* _Material provided_

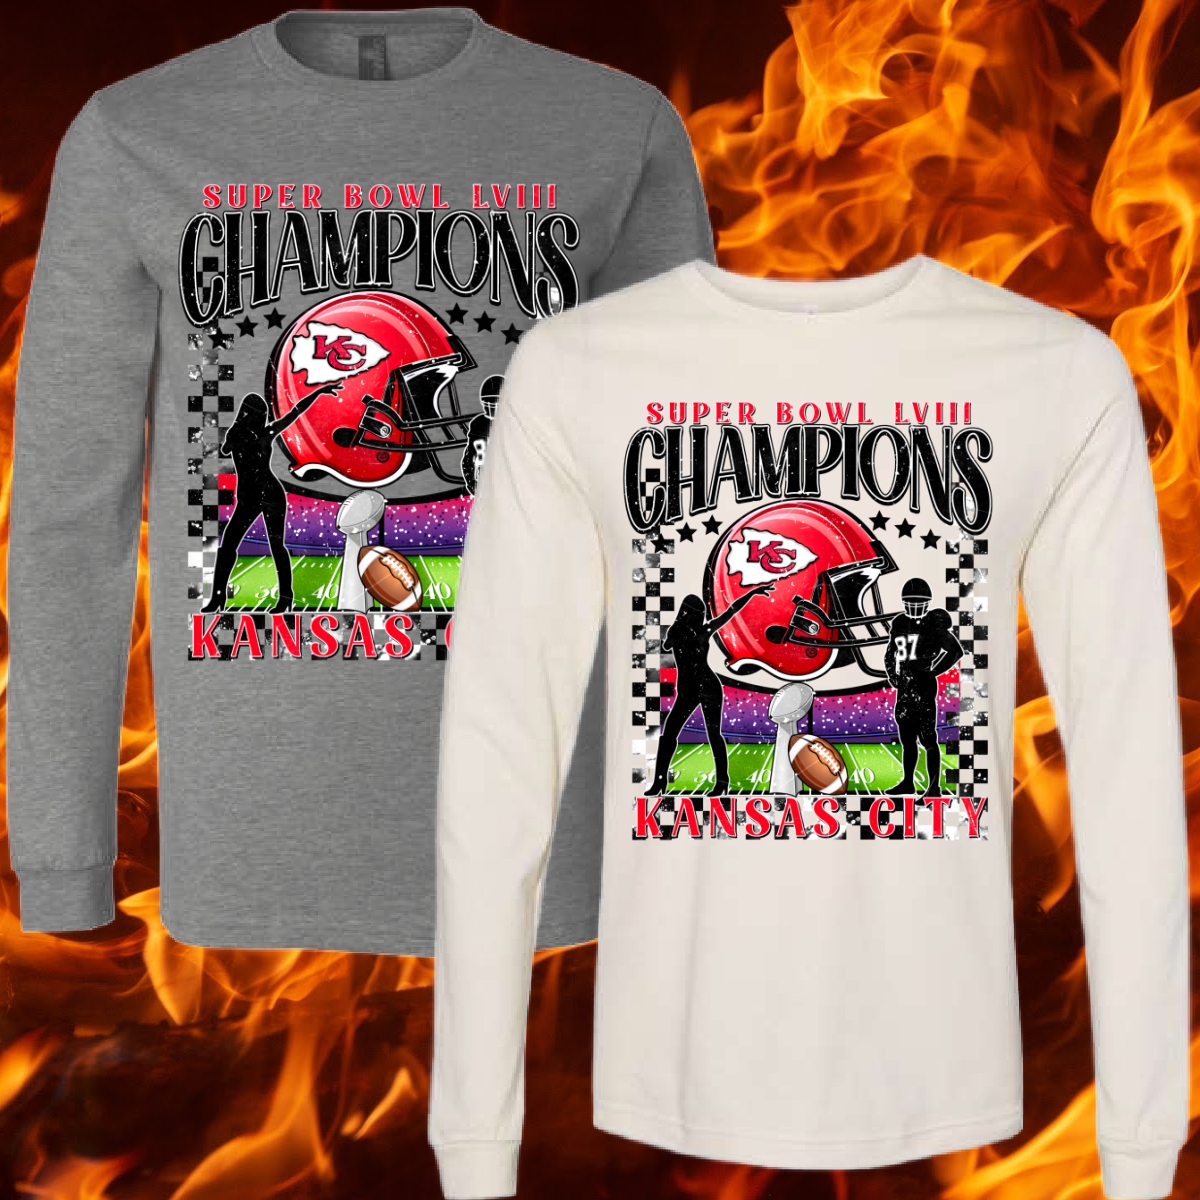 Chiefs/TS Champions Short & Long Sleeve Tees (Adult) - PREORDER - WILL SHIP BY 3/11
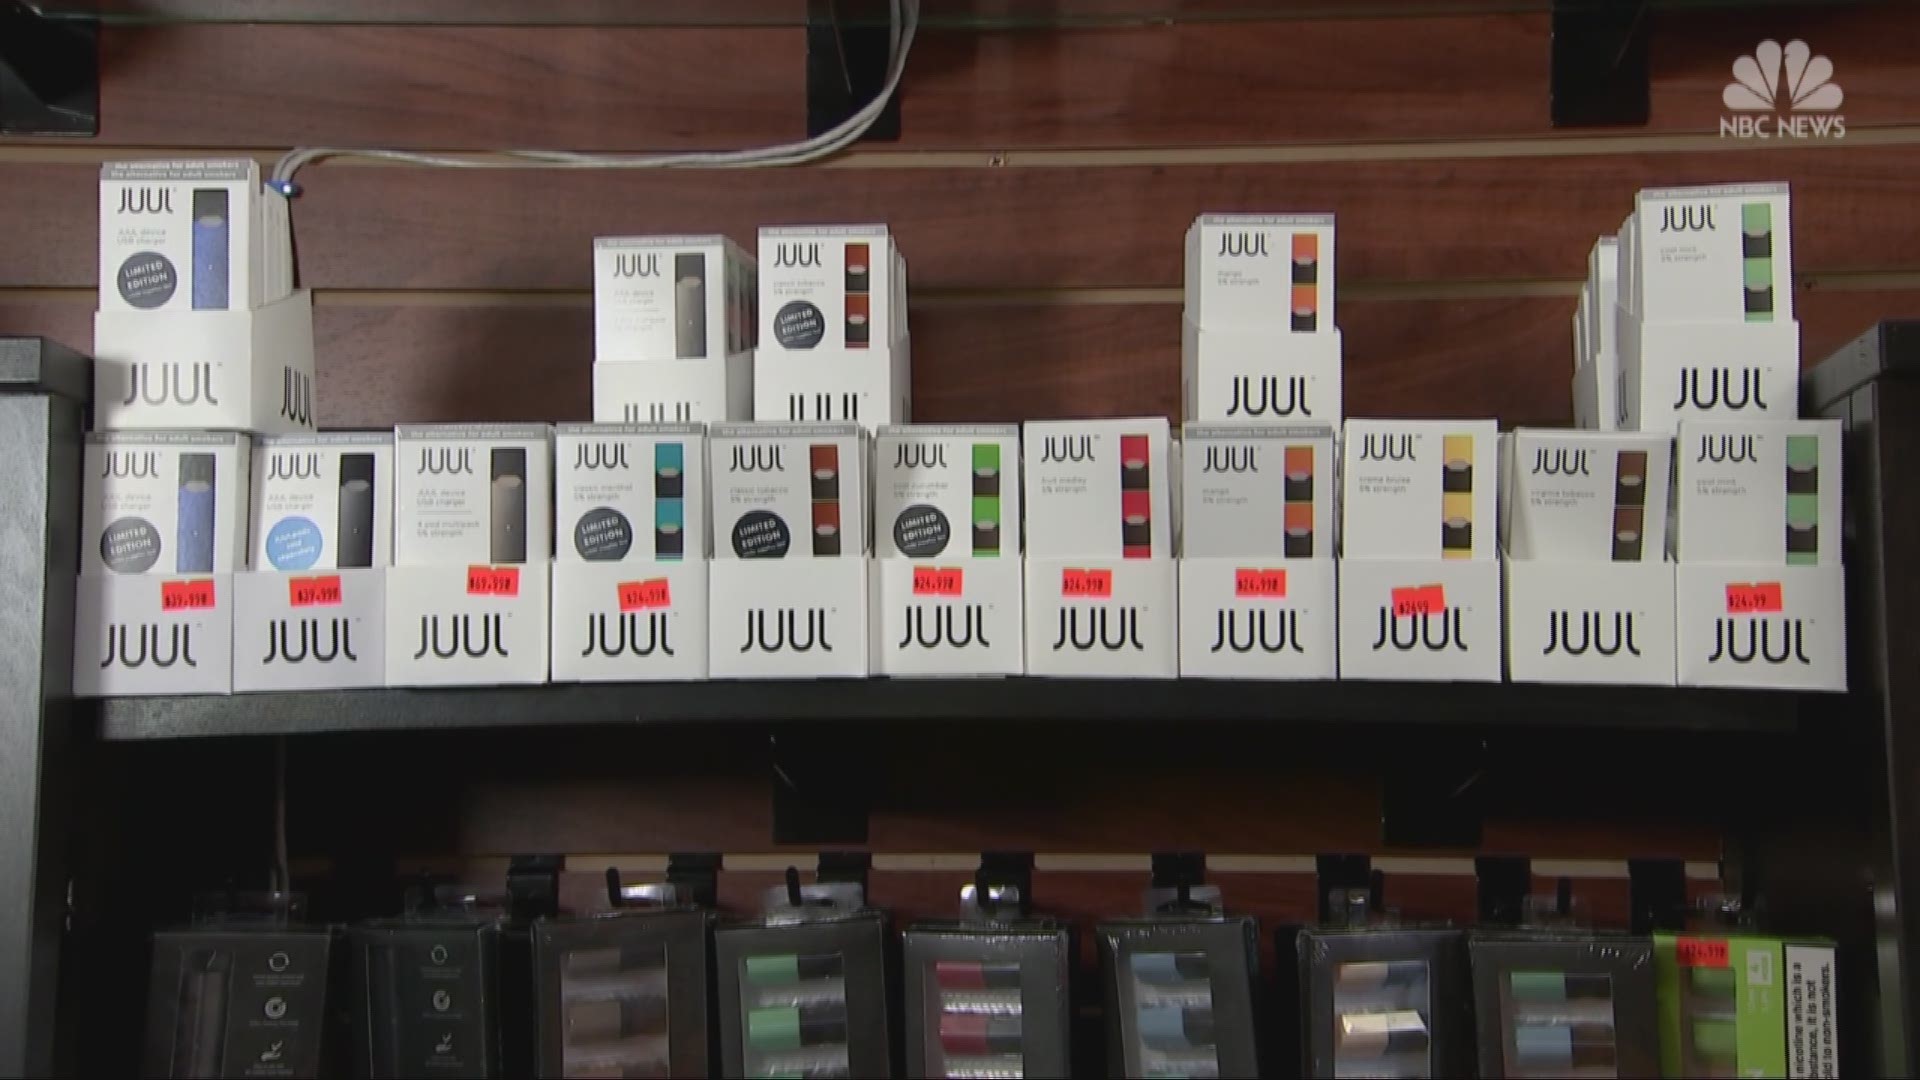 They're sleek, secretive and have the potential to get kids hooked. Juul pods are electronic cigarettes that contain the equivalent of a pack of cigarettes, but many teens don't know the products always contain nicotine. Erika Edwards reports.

==

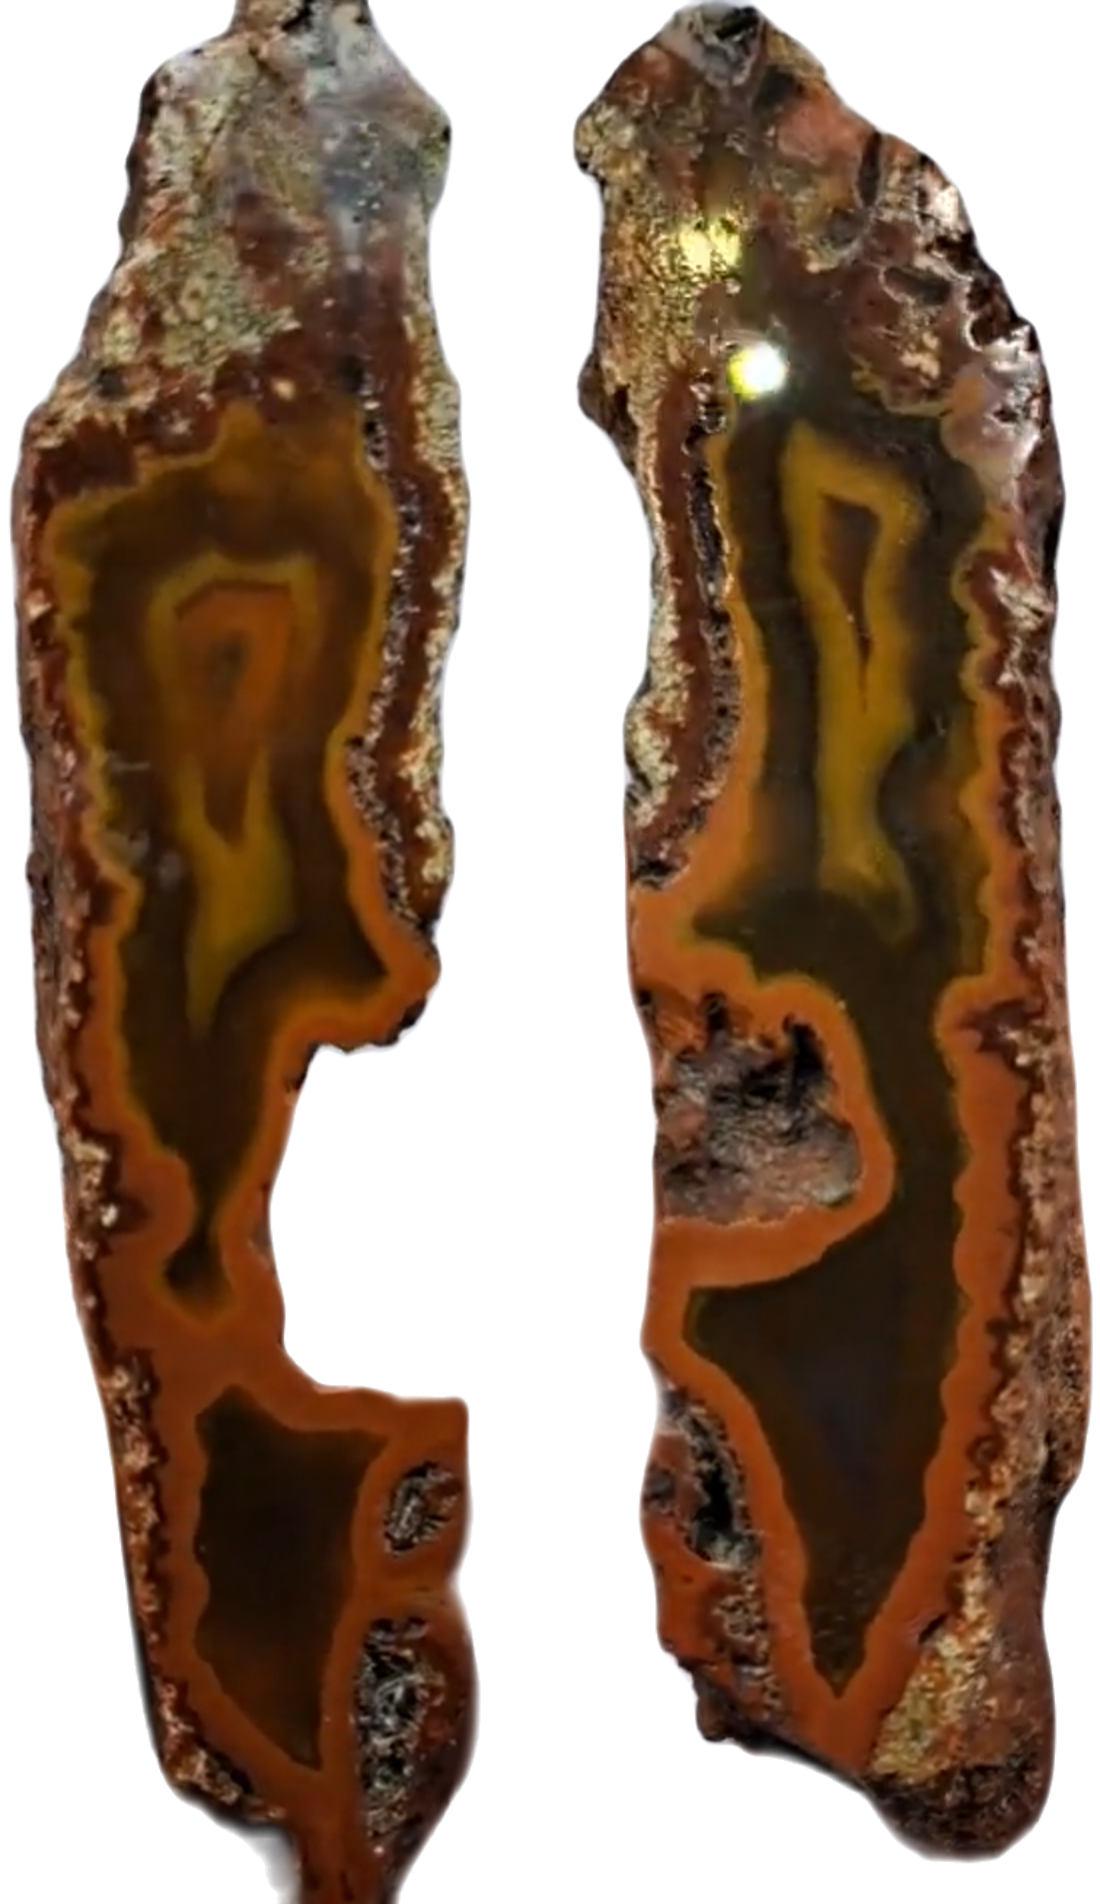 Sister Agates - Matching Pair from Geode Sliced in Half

* _What you need to do_
From the listing above, restate verbatim the lines running from the one with "Chiefs/TS Champions Short" through the one with "They're sleek, secretive", inclusive, but not the pictures.

* _Expected output_
 Chiefs/TS Champions Short & Long Sleeve Tees (Adult) - PREORDER - WILL SHIP BY 3/11
 They're sleek, secretive and have the potential to get kids hooked. Juul pods are electronic cigarettes that contain the equivalent of a pack of cigarettes, but many teens don't know the products always contain nicotine. Erika Edwards reports.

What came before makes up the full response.